B4 - Policy developments in doctoral education: Doctoral Training Centres in strategy and practice

Day 1 at 16:15 - Doctoral Training Centres can be incredibly complex, difficult to engage academic colleagues with and significantly more expensive to deliver than traditional training models. At the same time student engagement in them is strong, feedback is positive and the majority of research council funding in the future will be directed through them. In a year that sees a major phase of renewal for EPSRC-funded centres and with NERC and AHRC equivalents in the pipeline, this workshop looked at the strengths, weaknesses, opportunities and threats created by Doctoral Training Centres.

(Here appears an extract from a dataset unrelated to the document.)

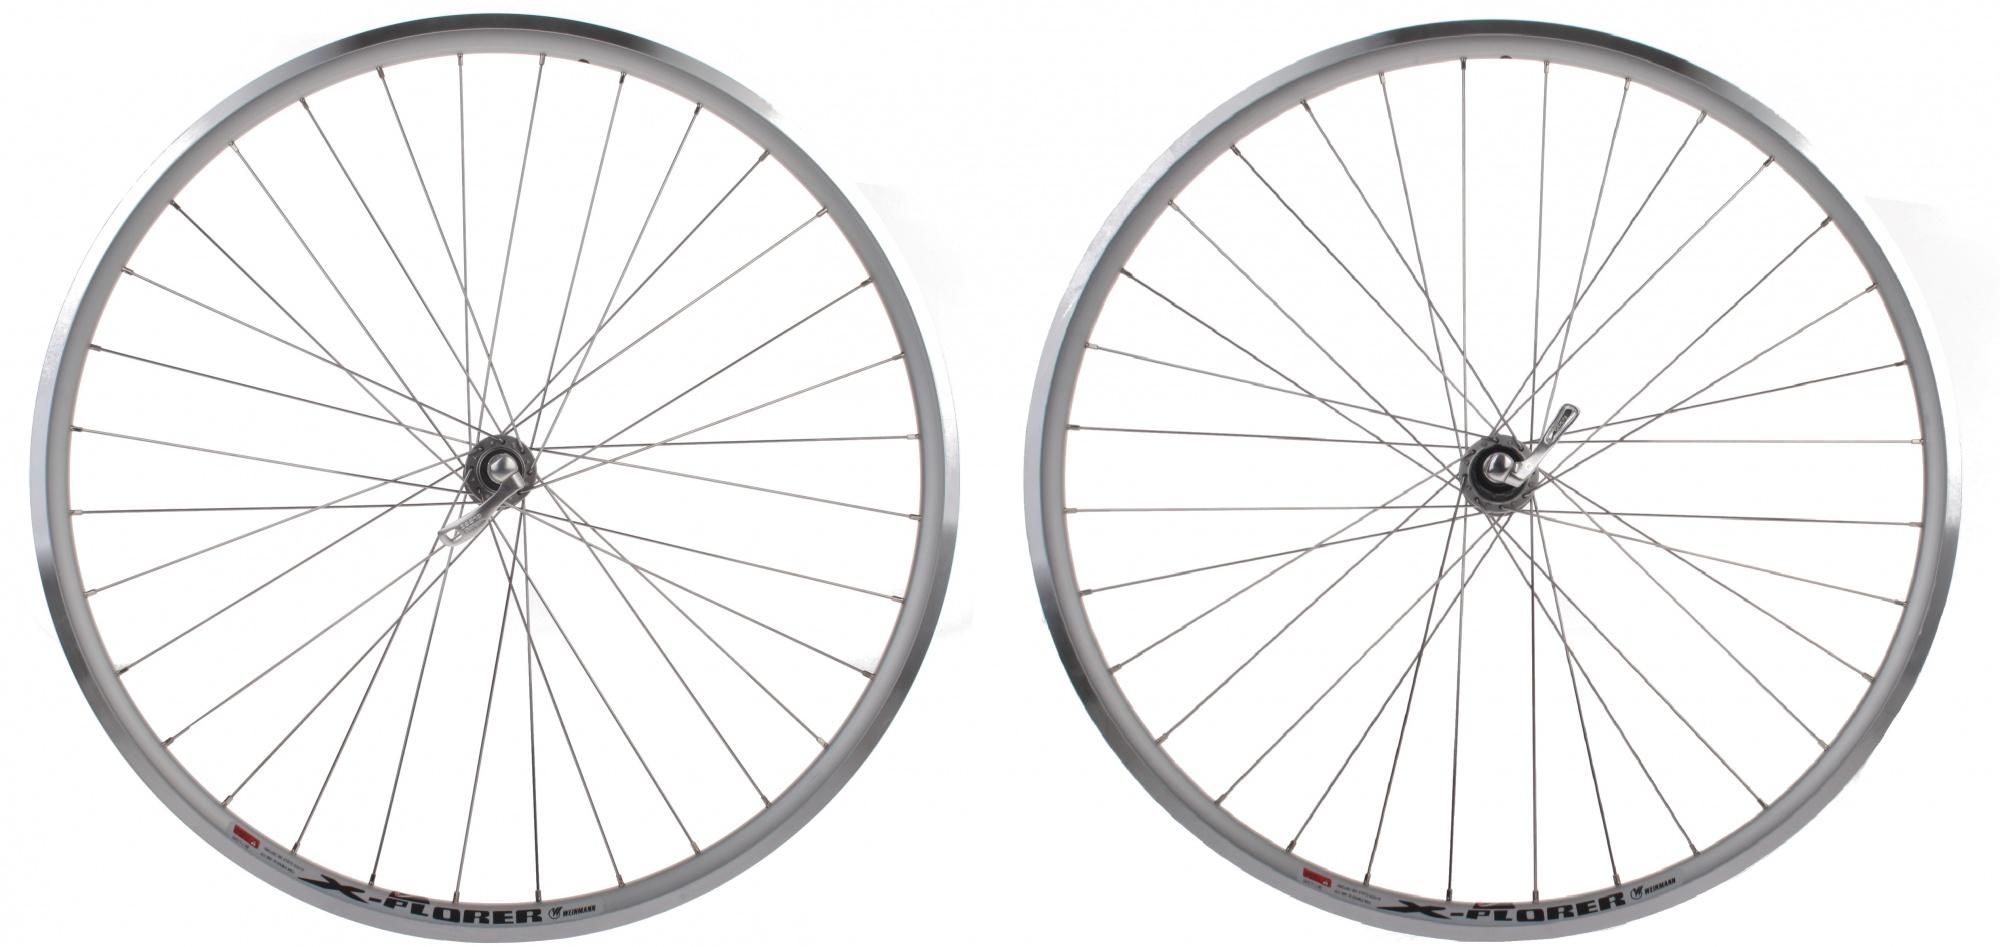 Weinmann Wheel X Plorer Wire Rim Brake 28 Inches 32g

It gave specific examples of delivering a Doctoral Training Centre with other universities; and across multiple disciplines within a single institution. It also presened a case study of building an institutional strategy for Doctoral Training Centres. Strand - Postgraduate researcher.
Day Day 1
Session B
Start time 16:15
Strand Postgraduate researcher
Code B4
Presenters Dr Rebekah Smith McGloin - Doctoral Training Partnership Manager, University of Nottingham

 

The workshop covered:

  • a  SWOT analysis of Doctoral Training Centres including: issues in creating a 2-tier system, cost, complexity, staff engagement, balance between training and research, quality assurance, cross-institutional working and diversity in cohorts
  • case studies from a EPSRC CDT and a BBSRC DTP
  • key issues arising from building an institutional strategy for Doctoral Training Centres
  • experiences from other institutions.

Workshop outcomes:

Participants:

  • developed a greater awareness of the challenges and opportunities created by Doctoral Training Centres - at the level of individual centre set-up and delivery and in the context of an institutional strategy development
  • explored and shared a range of approaches to Doctoral Training Centre development and delivery.

Format:

Information, interaction and discussion. Participants were prepared to share examples from their own institutions during discussion.